1.大学院生の学術研究および卒業制作だから出演したが一般に公開される商業映画だったら出演しなかった。騙して出演させた詐欺的行為である。

2.公開前に確認させるという取り決めを履行せず、さらに肖像権侵害と名誉毀損著作権侵害をしている

3.主張が公平に扱われておらず、グロテスクな左翼プロパガンダ映画になっている。文脈によらず、結論だけを短く使用しているところがある。

ということですから、「保守系の大物」のみなさんは映画内におけるご自身の発言内容ではなく、あくまで上記理由による上映差し止めを実現することが主戦場のようです。

【参考】<テレビが撮れない?>大学院監督のドキュメンタリー映画『主戦場』が秀逸

これに対して6月3日、ミキ・デサキ監督らが反論会見を開きました。監督側は、あらかじめ一般公開の可能性を伝えた上で合意書などの文書を交わし、各個の発言部分は事前に知らせている、などと反論しました。

どうやら、映画が連日満員で評判となって行くなかで、トラブルも大きくなってきたようです。

今回、筆者はこの内容での両者の対立には関心がありません。いずれの争点もこの映画を観る者にはほとんど関係がないからです。映画鑑賞者にとって、大学院生の卒業課題映画だろうが、商業映画だろうが、中身が同じなら作品価値は同じです。映画は言うまでもなくその内容こそが主戦場です。

そしてこの作品は、多くの発言を織り合わせることで展開してゆくドキュメンタリー映画ですから、注目すべきは個々の「発言」そのものにあります。前稿で筆者は、左右どちらのプロパガンダ映画ではないとした上で、

『どなたが観ても「えっ!」とか「あっ!」とか驚くであろう発言が飛び出してくる刺激的な作品であることを指摘しておきます。』

と書きました。筆者が『「えっ!」とか「あっ!」とか驚く発言』と書いた作品内の発言について、ミキ・デサキ監督の反論会見で質問に立ったある記者はこう表現しました。

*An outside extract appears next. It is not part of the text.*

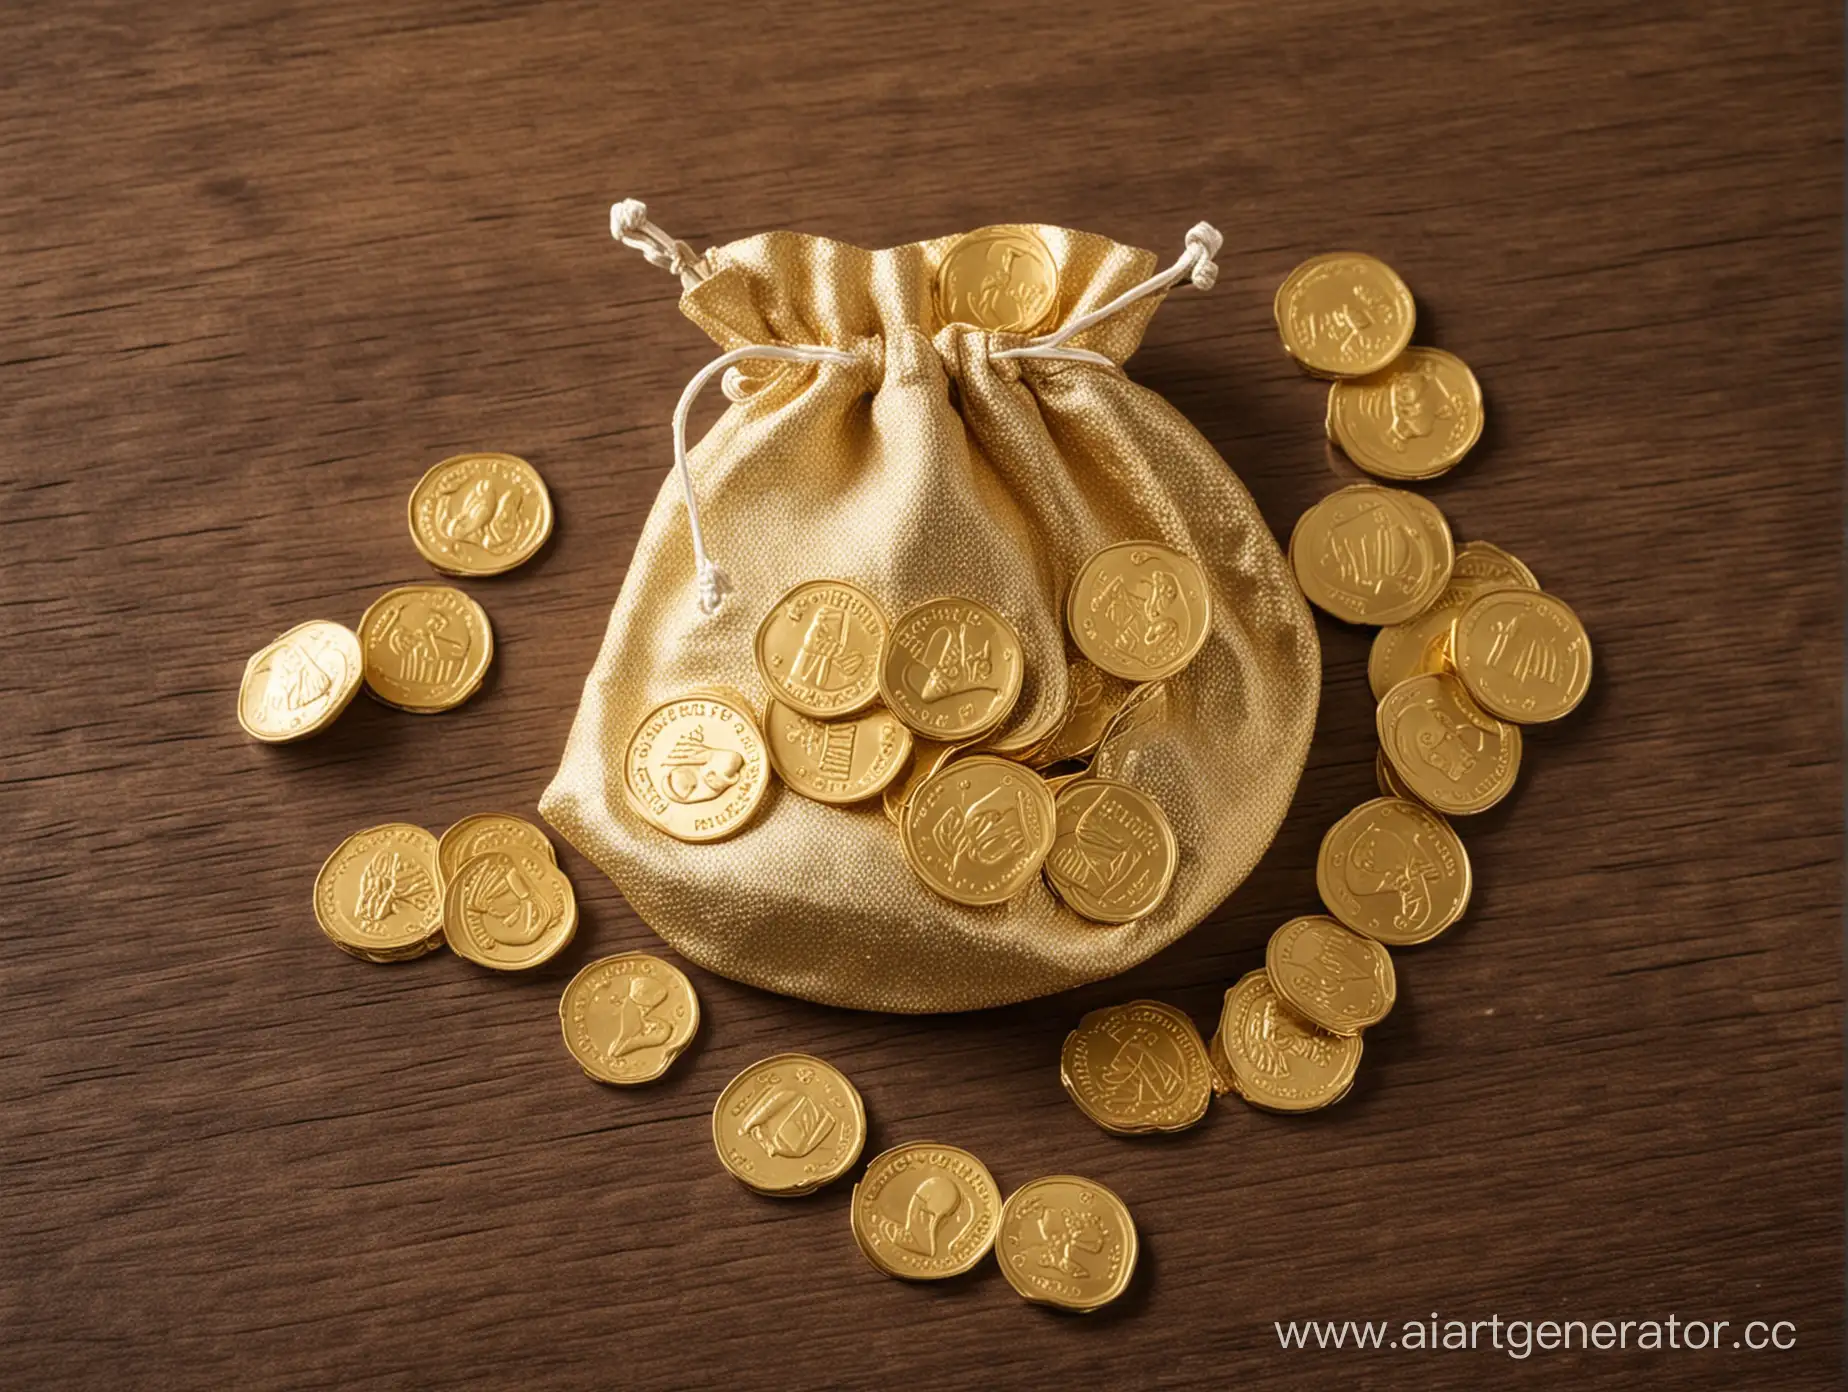 Shiny-Gold-Coins-in-a-Rustic-Pouch-Wealth-and-Treasure-Concept

『非常に率直に、ある意味のびのびと差別的な発言や、中国や韓国に対する根拠のないヘイト発言をしていることに驚いた』

「保守系の大物」のみなさんは、今回の共同声明および会見の中で自分たちによる個々の発言を否定していませんので、この記者が言う「差別的な発言や、中国や韓国に対する根拠のないヘイト発言」、筆者の言う「えっ!とかあっ!」とか驚く発言」、を否定していません。実は杉田水脈議員の発言などは相当強い反発を受けそうな発言なのですが、おそらくは「保守系の大物」のみなさんはいずれの発言も、差別的でもヘイトでも、誤った歴史認識でもないというご理解なのでしょう。

ということで、「保守系の大物」のみなさんも映画「主戦場」における個々の発言内容に異存はないようですから、内容と無関係のモメ事は両当事者におまかせし、右だの左だのという先入観を抜きにして、この映画を虚心坦懐に観られたらいかがでしょうか。

この作品には、「保守系の大物」のみなさんのみならず、様々な立場の方々からの「えっ!」とか「あっ!」とか感じる数々の刺激的な発言があるのは確かで、それを観る者がどう受けとめるのかがこの映画の主戦場です。前稿時は東京で単館上映でしたが、全国展開も決まったようです。あらためて鑑賞をお奨めしておきます。